20:59:04 - Xorg segfault
20:59:05 - new Xorg: RADEON(0): Direct rendering disabled

Xorg backtrace:
0: /usr/bin/Xorg (xorg_backtrace+0x48) [0x584b08]
1: /usr/bin/Xorg (0x400000+0x1887f9) [0x5887f9]
2: /usr/lib/libpthread.so.0 (0x7fb78e9a4000+0xf4b0) [0x7fb78e9b34b0]
3: /usr/lib/xorg/modules/dri/radeonsi_dri.so (0x7fb786e9e000+0x68b7c) [0x7fb786f06b7c]
4: /usr/lib/xorg/modules/dri/radeonsi_dri.so (0x7fb786e9e000+0x6b401) [0x7fb786f09401]
5: /usr/lib/xorg/modules/dri/radeonsi_dri.so (0x7fb786e9e000+0x48884) [0x7fb786ee6884]
6: /usr/lib/xorg/modules/dri/radeonsi_dri.so (0x7fb786e9e000+0x19ac9b) [0x7fb787038c9b]
7: /usr/lib/xorg/modules/dri/radeonsi_dri.so (0x7fb786e9e000+0x1a2dc8) [0x7fb787040dc8]
8: /usr/lib/xorg/modules/dri/radeonsi_dri.so (0x7fb786e9e000+0x1a530c) [0x7fb78704330c]
9: /usr/lib/xorg/modules/dri/radeonsi_dri.so (0x7fb786e9e000+0x13b8e4) [0x7fb786fd98e4]
10: /usr/lib/xorg/modules/dri/radeonsi_dri.so (0x7fb786e9e000+0x13cc50) [0x7fb786fdac50]
11: /usr/lib/libglamor.so.0 (0x7fb78b26d000+0x1e2a7) [0x7fb78b28b2a7]
12: /usr/lib/libglamor.so.0 (0x7fb78b26d000+0x1e892) [0x7fb78b28b892]
13: /usr/lib/libglamor.so.0 (0x7fb78b26d000+0x1f184) [0x7fb78b28c184]
14: /usr/lib/libglamor.so.0 (0x7fb78b26d000+0x1fc70) [0x7fb78b28cc70]
15: /usr/lib/libglamor.so.0 (0x7fb78b26d000+0x524c) [0x7fb78b27224c]
16: /usr/lib/libglamor.so.0 (0x7fb78b26d000+0x5b74) [0x7fb78b272b74]
17: /usr/lib/libglamor.so.0 (0x7fb78b26d000+0x6bb5) [0x7fb78b273bb5]
18: /usr/lib/libglamor.so.0 (0x7fb78b26d000+0x6e9a) [0x7fb78b273e9a]
19: /usr/bin/Xorg (miCopyRegion+0x1ad) [0x564f7d]
20: /usr/bin/Xorg (miDoCopy+0x456) [0x565506]
21: /usr/lib/libglamor.so.0 (0x7fb78b26d000+0x6edd) [0x7fb78b273edd]
22: /usr/bin/Xorg (0x400000+0x112258) [0x512258]
23: /usr/bin/Xorg (0x400000+0xced0a) [0x4ced0a]
24: /usr/bin/Xorg (0x400000+0xd02e8) [0x4d02e8]
25: /usr/bin/Xorg (0x400000+0x35c8e) [0x435c8e]
26: /usr/bin/Xorg (0x400000+0x39aaa) [0x439aaa]
27: /usr/lib/libc.so.6 (__libc_start_main+0xf0) [0x7fb78d611000]
28: /usr/bin/Xorg (0x400000+0x2507e) [0x42507e]
Comment 1 Marti Raudsepp 2014-06-05 18:35:38 UTC
Created attachment 100482 [details]
kernel.log
Comment 2 Michel Dänzer 2014-06-06 03:18:24 UTC
It might be worth getting the PITCAIRN_mc2.bin microcode and trying a 3.15 kernel.

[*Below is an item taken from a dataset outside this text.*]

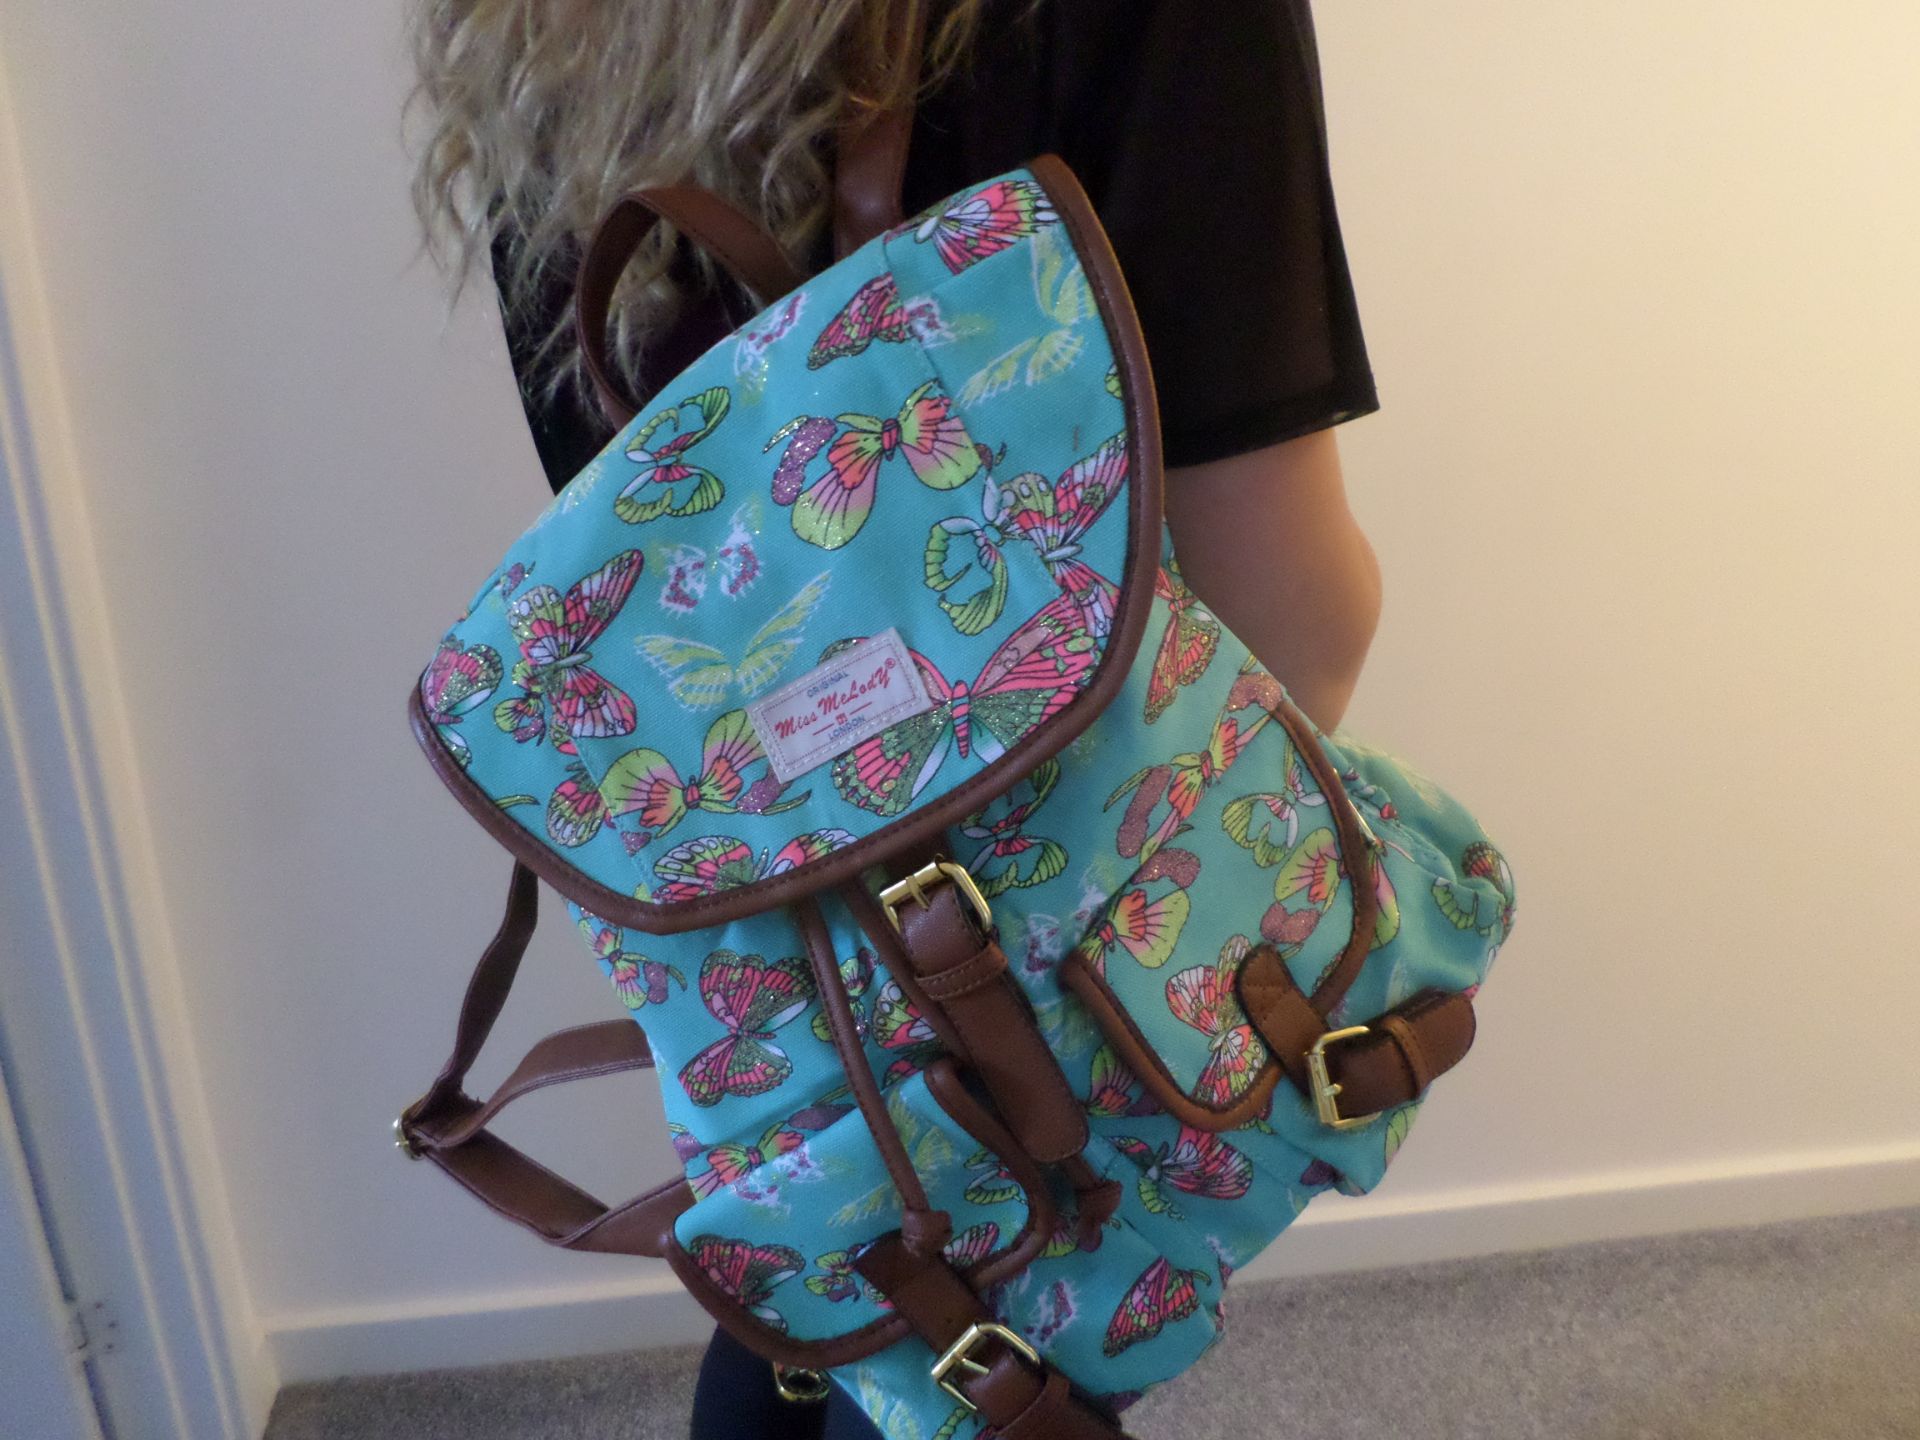 Miss Melody London Rucksack. RRP £24.99. Brand New - Image 2 of 2
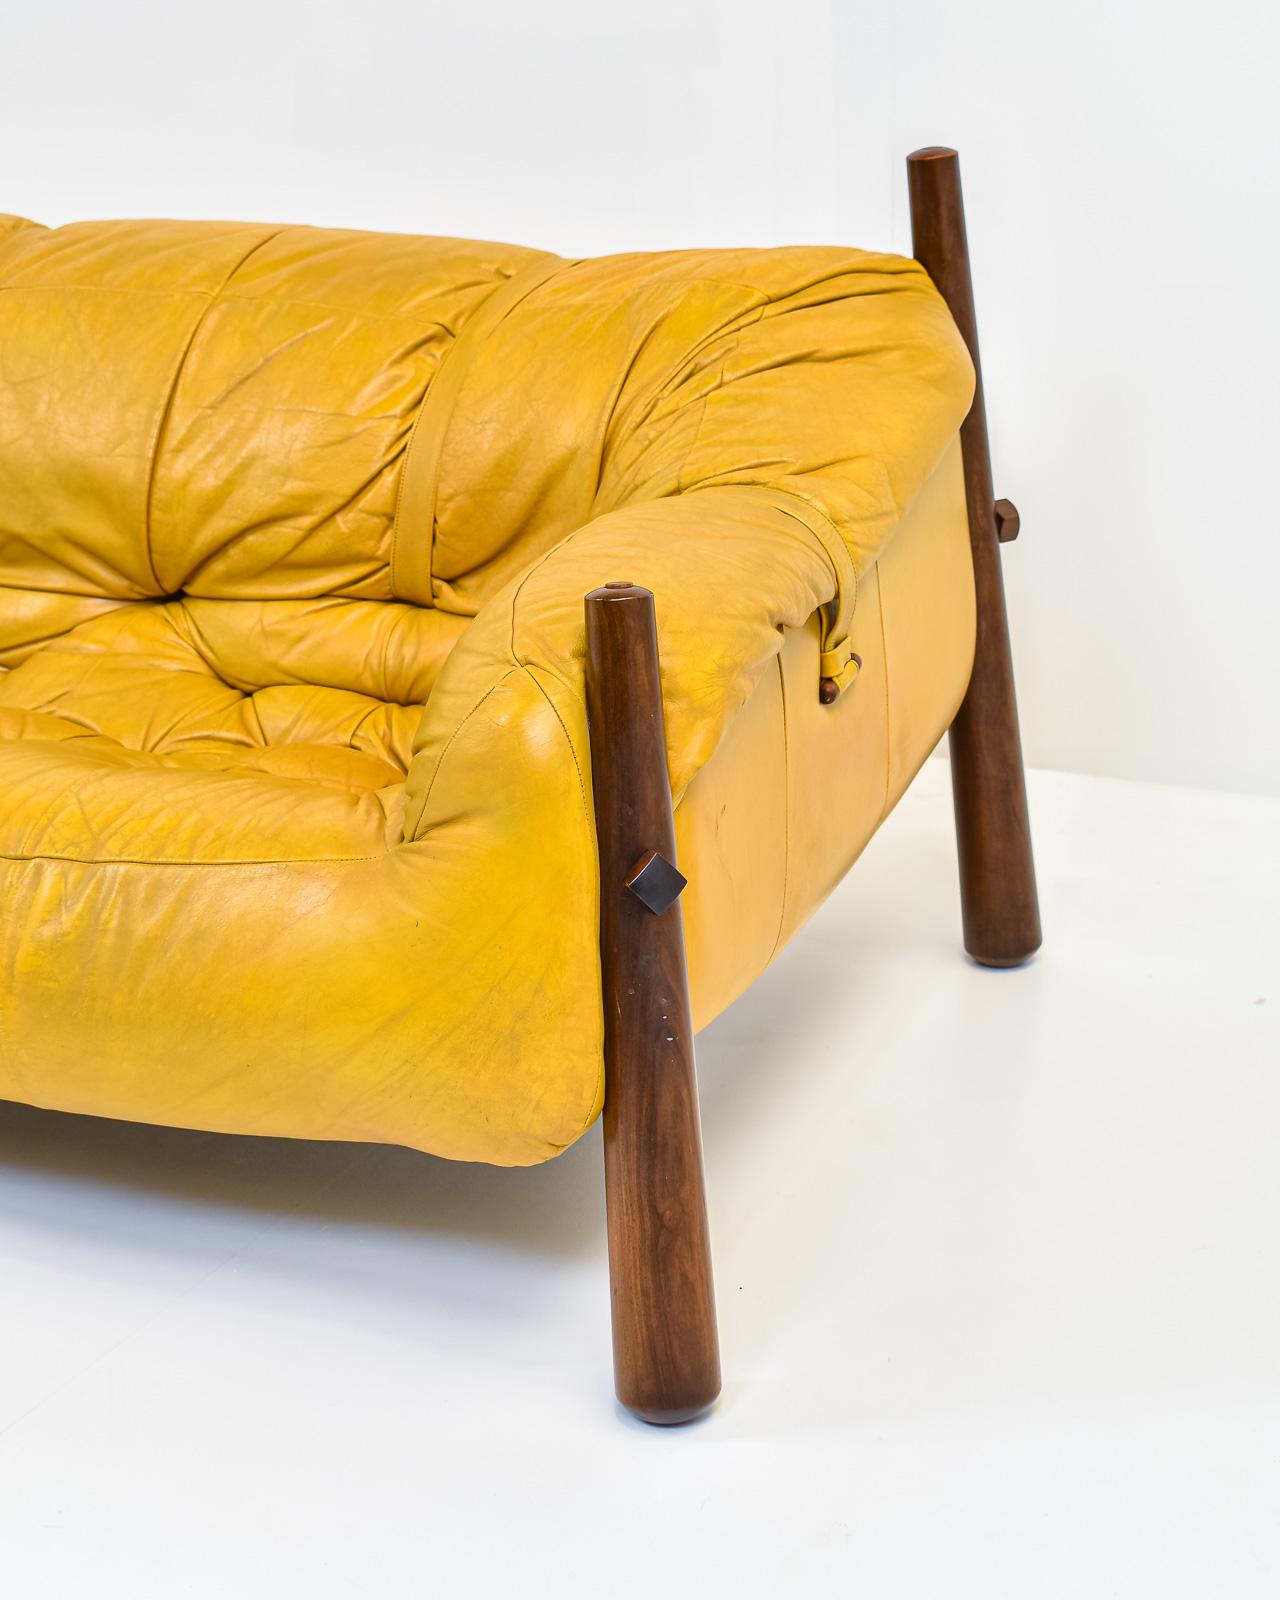 Mustard Yellow Leather Three-Seater Sofa by Percival Lafer, model 'MP-81' 2

Does this happen with particular pictures or randomly?
Comment 3 Marti Raudsepp 2014-06-06 10:57:29 UTC
> Does this happen with particular pictures or randomly?

I haven't tried to reproduce it yet, I will try to find the time for it.

> It might be worth getting the PITCAIRN_mc2.bin microcode and trying a 3.15 kernel.

I guess once I've managed to reproduce it, otherwise we don't know if it fixes anything.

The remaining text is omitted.